- Author
- Swinden, Greg
- Subjects
- Ship histories and stories, WWII operations, History - WW2
- Tags
-
- RAN Ships
- HMAS Sydney IV, HMAS Sydney II
- Publication
- June 2009 edition of the Naval Historical Review (all rights reserved)
He was badly wounded and dying, but somehow he made it into the Carley Float. Whether he fell into it, was blown in by a bursting shell or was placed there by his shipmates we will never know. When the light cruiser HMAS Sydney was sunk off the Western Australian coast on 19 November 1941, in her final battle with the disguised German raider Kormoran, it was the start of one man’s long journey home.
A few months later on 6 February 1942 a battle damaged naval pattern Carley Float (a metal tubular life raft covered with cork and canvas) was spotted drifting off Christmas Island (then British Territory administered from Singapore). The Harbour Master, Captain James Smith, ordered his assistant Edward Craig to bring the float ashore and the badly decomposed body of a man wearing a white boiler suit was found in the raft. The Island’s doctor (Dr J. Scott Clark) ascertained that the body was of a Caucasian male who had been dead for some time and the description of the Carley Float later given by Smith indicated it was from a naval vessel and that the float had been in the water for several months.

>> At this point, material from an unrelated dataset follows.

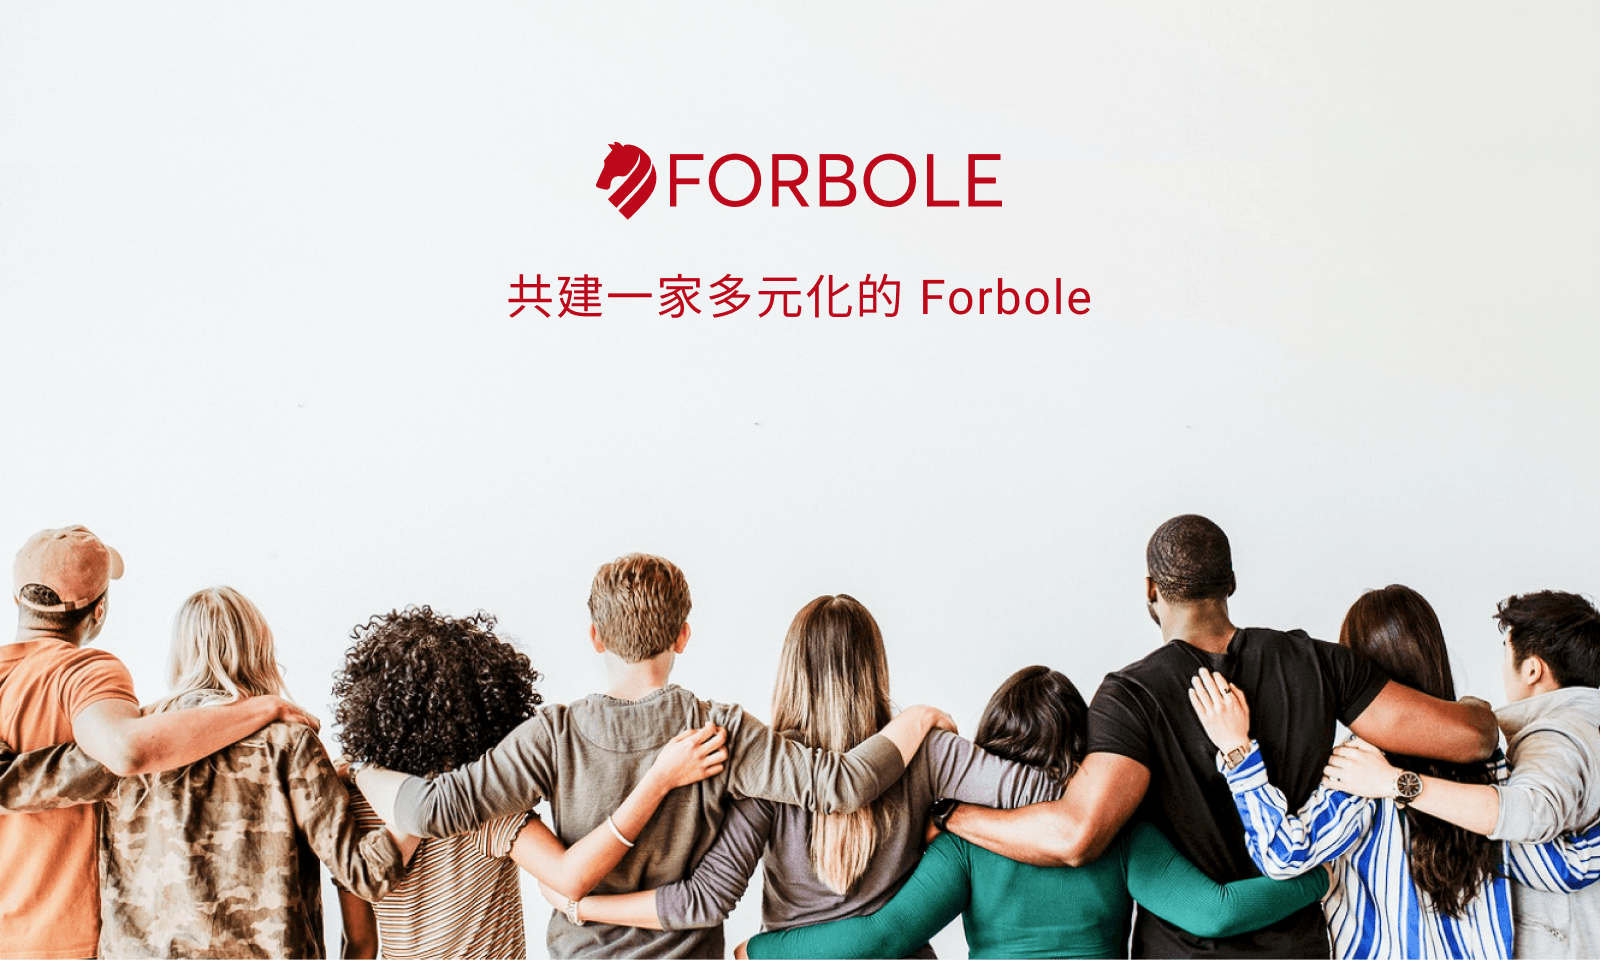 共建一家多元化的 Forbole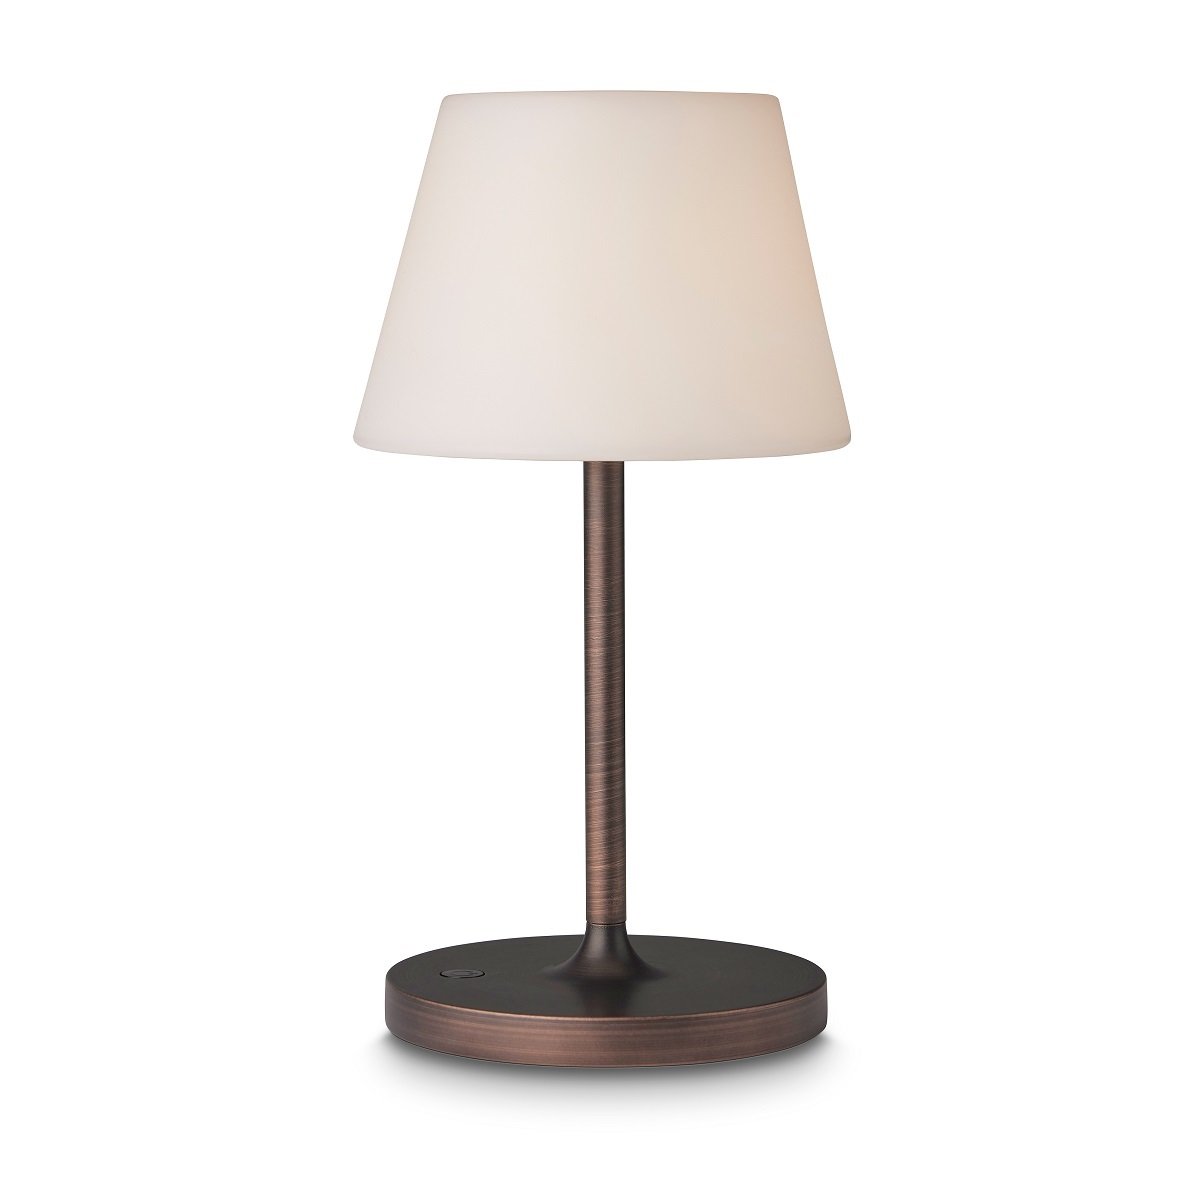 Shop Tischleuchte & Northern 15cm Design kupfer 800940 Halo New Lampen online kaufen antik im --> Leuchten

Also found in the raft was a shoe or boot with the broad arrow (indicating Government property) and the manufacturer’s name of McCowan or McEwen stamped on it. First hand evidence suggests that the shoe size was not compatible with the body and it was speculated that there may have been another man in the raft prior to it being recovered.
The overalls worn were described as both white or blue, that had been bleached white by the sun, and with four press stud fasteners at the front as opposed to buttons. The body had lain in the raft in a peculiar position and the Assistant Harbour Master later stated, in 1981, that a coffin had to be built to conform to the way the remains were preserved. In mid February 1942 the body was buried in an unmarked grave in the Old European Cemetery with military honours. A report on the incident was delivered to the RAN by Captain Smith when he returned to Fremantle later that month. On 31 March 1942 Christmas Island was invaded and occupied by the Japanese and there the matter and the unknown sailor rested for many years to come.
In 1949 the matter was examined by the RAN when one of the men who had been present at the funeral (Sergeant J.W. Brown of the Christmas Island volunteer platoon) wrote an article for a WA newspaper but nothing came of this investigation. Again the matter was consigned to the footnotes of history being only briefly mentioned in the RAN’s Official History for the War 1939-1945 (published in 1957). At Christmas Island the unknown sailor lay in his unmarked grave, but every now and then Mr Jack Pettigrew (who had been on the island in 1942 and returned there in 1946) would take interested people to see the grave site. One day in late 1950 he took Mr Brian O’Shannassy (an ex RAN Signalman working on the island as an accountant) to see the grave and Brian took a photo of the cemetery. Pettigrew is alleged to have also made a comment that he recalled the body had a `perfect set of teeth’ (or words to that effect). Brian O’Shannassy’s photo was to prove to be of significant value some 55 years later.
In the early 1980s there was resurgence in interest regarding the loss of Sydney and two books on the matter were published. These were Michael Montgomery’s Who Sank the Sydney (1981) and Barbara Winter’s HMAS Sydney – Fact, Fantasy and Fraud (1984). Both mentioned the sailor buried at Christmas Island. From these two books the pressure began to mount to have the wreck of Sydney located and the body at Christmas Island exhumed. Throughout the 1990s more books on the loss of Sydney were written and more Australians became interested in the whole story. One of these was Mr Ted McGowan whose older brother (Able Seaman Thomas McGowan) had been lost with the ship. He had heard the rumour that the body had a perfect set of teeth and, linked with the details of the shoe found in the raft, he believed that the body could be that of his brother. His efforts over the next 15 years were to prove to be one of the main catalysts in having the body exhumed.